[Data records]
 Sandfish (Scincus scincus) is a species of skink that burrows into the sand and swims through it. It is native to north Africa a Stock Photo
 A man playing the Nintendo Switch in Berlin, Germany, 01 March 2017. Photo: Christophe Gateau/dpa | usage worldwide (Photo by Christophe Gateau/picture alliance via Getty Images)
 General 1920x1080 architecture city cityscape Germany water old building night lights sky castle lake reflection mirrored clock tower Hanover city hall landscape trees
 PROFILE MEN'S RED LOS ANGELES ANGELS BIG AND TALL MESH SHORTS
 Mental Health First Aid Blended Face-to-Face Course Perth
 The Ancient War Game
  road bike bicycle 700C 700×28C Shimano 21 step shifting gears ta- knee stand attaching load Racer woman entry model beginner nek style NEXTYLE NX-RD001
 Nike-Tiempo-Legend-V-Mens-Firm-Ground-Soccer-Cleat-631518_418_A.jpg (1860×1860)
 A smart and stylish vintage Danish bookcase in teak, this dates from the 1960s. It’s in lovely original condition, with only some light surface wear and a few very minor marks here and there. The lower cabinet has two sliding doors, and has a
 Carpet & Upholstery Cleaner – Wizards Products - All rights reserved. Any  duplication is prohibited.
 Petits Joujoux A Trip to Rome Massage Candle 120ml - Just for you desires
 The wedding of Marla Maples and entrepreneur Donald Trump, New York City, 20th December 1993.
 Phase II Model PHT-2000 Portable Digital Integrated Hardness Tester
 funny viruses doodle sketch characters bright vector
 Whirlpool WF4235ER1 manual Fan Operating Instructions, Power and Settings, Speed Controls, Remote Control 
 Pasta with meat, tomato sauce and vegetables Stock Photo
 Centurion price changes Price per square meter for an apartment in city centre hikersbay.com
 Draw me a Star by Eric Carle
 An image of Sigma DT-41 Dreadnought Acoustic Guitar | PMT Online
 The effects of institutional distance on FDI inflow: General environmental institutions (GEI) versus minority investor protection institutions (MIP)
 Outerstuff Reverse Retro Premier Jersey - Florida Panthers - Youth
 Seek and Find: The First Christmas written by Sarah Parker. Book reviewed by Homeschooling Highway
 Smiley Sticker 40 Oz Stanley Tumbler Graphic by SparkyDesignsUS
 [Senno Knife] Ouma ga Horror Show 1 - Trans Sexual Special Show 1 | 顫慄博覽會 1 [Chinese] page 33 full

### Exercise aim
Reprint the data above from the opening line to the line holding "Phase II Model", inclusive, and nothing else.

### Task response
 Sandfish (Scincus scincus) is a species of skink that burrows into the sand and swims through it. It is native to north Africa a Stock Photo
 A man playing the Nintendo Switch in Berlin, Germany, 01 March 2017. Photo: Christophe Gateau/dpa | usage worldwide (Photo by Christophe Gateau/picture alliance via Getty Images)
 General 1920x1080 architecture city cityscape Germany water old building night lights sky castle lake reflection mirrored clock tower Hanover city hall landscape trees
 PROFILE MEN'S RED LOS ANGELES ANGELS BIG AND TALL MESH SHORTS
 Mental Health First Aid Blended Face-to-Face Course Perth
 The Ancient War Game
  road bike bicycle 700C 700×28C Shimano 21 step shifting gears ta- knee stand attaching load Racer woman entry model beginner nek style NEXTYLE NX-RD001
 Nike-Tiempo-Legend-V-Mens-Firm-Ground-Soccer-Cleat-631518_418_A.jpg (1860×1860)
 A smart and stylish vintage Danish bookcase in teak, this dates from the 1960s. It’s in lovely original condition, with only some light surface wear and a few very minor marks here and there. The lower cabinet has two sliding doors, and has a
 Carpet & Upholstery Cleaner – Wizards Products - All rights reserved. Any  duplication is prohibited.
 Petits Joujoux A Trip to Rome Massage Candle 120ml - Just for you desires
 The wedding of Marla Maples and entrepreneur Donald Trump, New York City, 20th December 1993.
 Phase II Model PHT-2000 Portable Digital Integrated Hardness Tester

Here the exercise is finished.